Parecía ser todo normal: la misma plaza (el mismo escape), los mismos problemas (la misma mierda). Finalmente, después de una espera acompañada por sirenas de policías circundantes, Max y sus tres acompañantes vieron llegar al grupo de Johan que traía consigo aquella sustancia con la que podían dibujar alegrías de 40 minutos.
Pero las cosas no saldrían como esperaban.
Johan quería vender la misma cantidad de siempre por el doble del precio y Max no estuvo de acuerdo en transar, lo que provocó el enojo de sus vendedores. Los amigos de Max no estuvieron dispuestos a aguantar los insultos de esos "flaites" y los otros respondieron a golpes, primero, y a cuchillazos después. Max trató de llevarse a sus amigos pero ya era tarde: dos de ellos seguían peleando mientras sangraban sus rostros, sus brazos y sus manos. Derrepente observa al tercero, Gonzalo, que corre en dirección al auto y siente estremecer su pecho al recordar el arma que él mismo había dejado en la guantera "por si acaso". Rápido fue a detenerlo pero el miedo reventó sus tímpanos cuando sintió a Johan agarrarlo por detrás, poner una cuchilla en su cuello y gritarle que entregara toda la plata que tenía. Se paralizó, sintió cómo su vida pendía de un hilo transparente, sus rodillas temblaban, no podía moverse, sólo lograba gritar que lo soltara y le entregaría el dinero...pero en ese mismo instante, vio a su amigo salir del auto y dar dos tiros al aire con lo que provocó más rabia en la pandilla y ahora eran tres pistolas contra una. Gonzalo temblaba, no sabía cómo salir de aquel laberinto y sus amigos no lo podían ayudar ya que estaban inconcientes en el suelo bañados en sangre, mientras Max pedía a gritos que lo soltaran...por primera vez en su vida sentía que no eran ellos quienes tenían el control de la situación.

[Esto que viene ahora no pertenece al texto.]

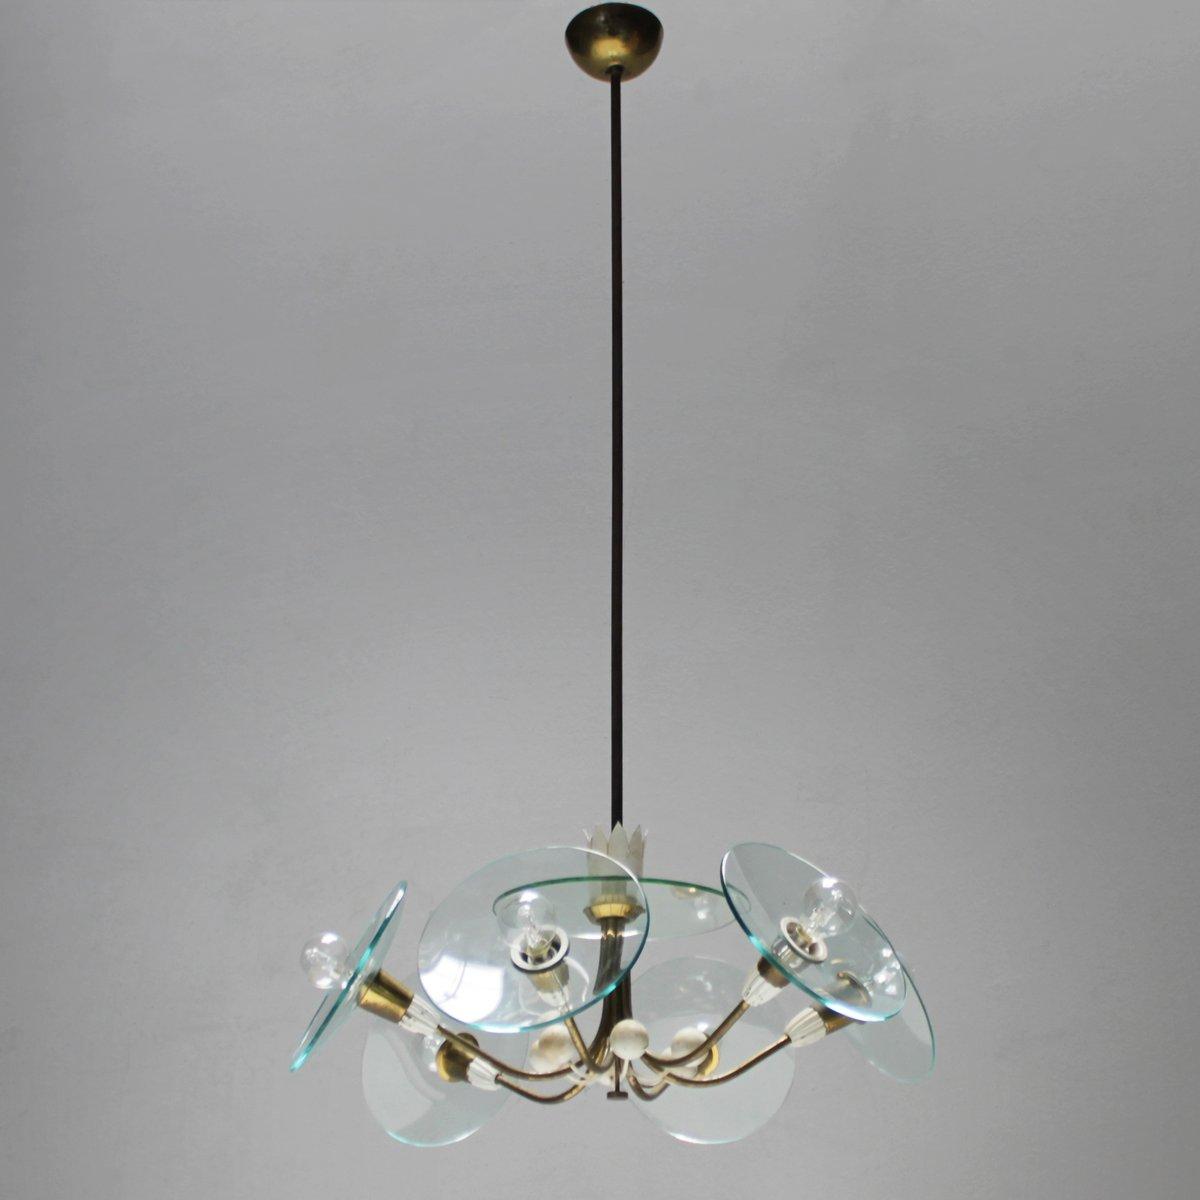 vintage kronleuchter von pietro chiesa f r fontana arte bei pamono kaufen. Black Bedroom Furniture Sets. Home Design Ideas

-¡Suelta la cuchilla mierda!
Gritó Gonzalo a Johan, mientras lo apuntaba con la pistola.
-¡Lo suelto pero me dan todo lo que tienen o si no lo mato!
Gonzalo buscó su billetera, se acercó a Johan para pasarle el dinero mientras tres gatillos amenazaban con dispararse al menor descuido.
Imploró a su cuerpo que respondiese articulando cada movimiento de la mejor manera posible, tenía a Johan frente a él, Max estaba del otro lado, no lograba verlo, y tras él los otros tres pandilleros. Casi llegaba al lugar que Johan había indicado para dejar el dinero cuando ve que uno de sus amigos se levanta y comienza a correr. Dos de ellos salen detrás de él y uno dispara. Fuera de control la pistola de Gonzalo responde. Todo se vuelve gritos, fuego y confusión. Johan y Maximiliano quedan frente a frente, se miran sorprendidos, se reconocen, por un segundo se congelan en la misma soledad compartida. El sonido de las sirenas acercándose los hace reaccionar. Gonzalo desesperado ve la espalda de Johan, no duda y dispara. Por el otro lado, otra bala hace lo mismo con Max. Sus ojos se funden. Respiran el mismo último aire. Se abrazan y al suelo caen mientras el rojo tine sus vidas ahora sin vida.
Al otro día, dos familias exigieron "Justicia".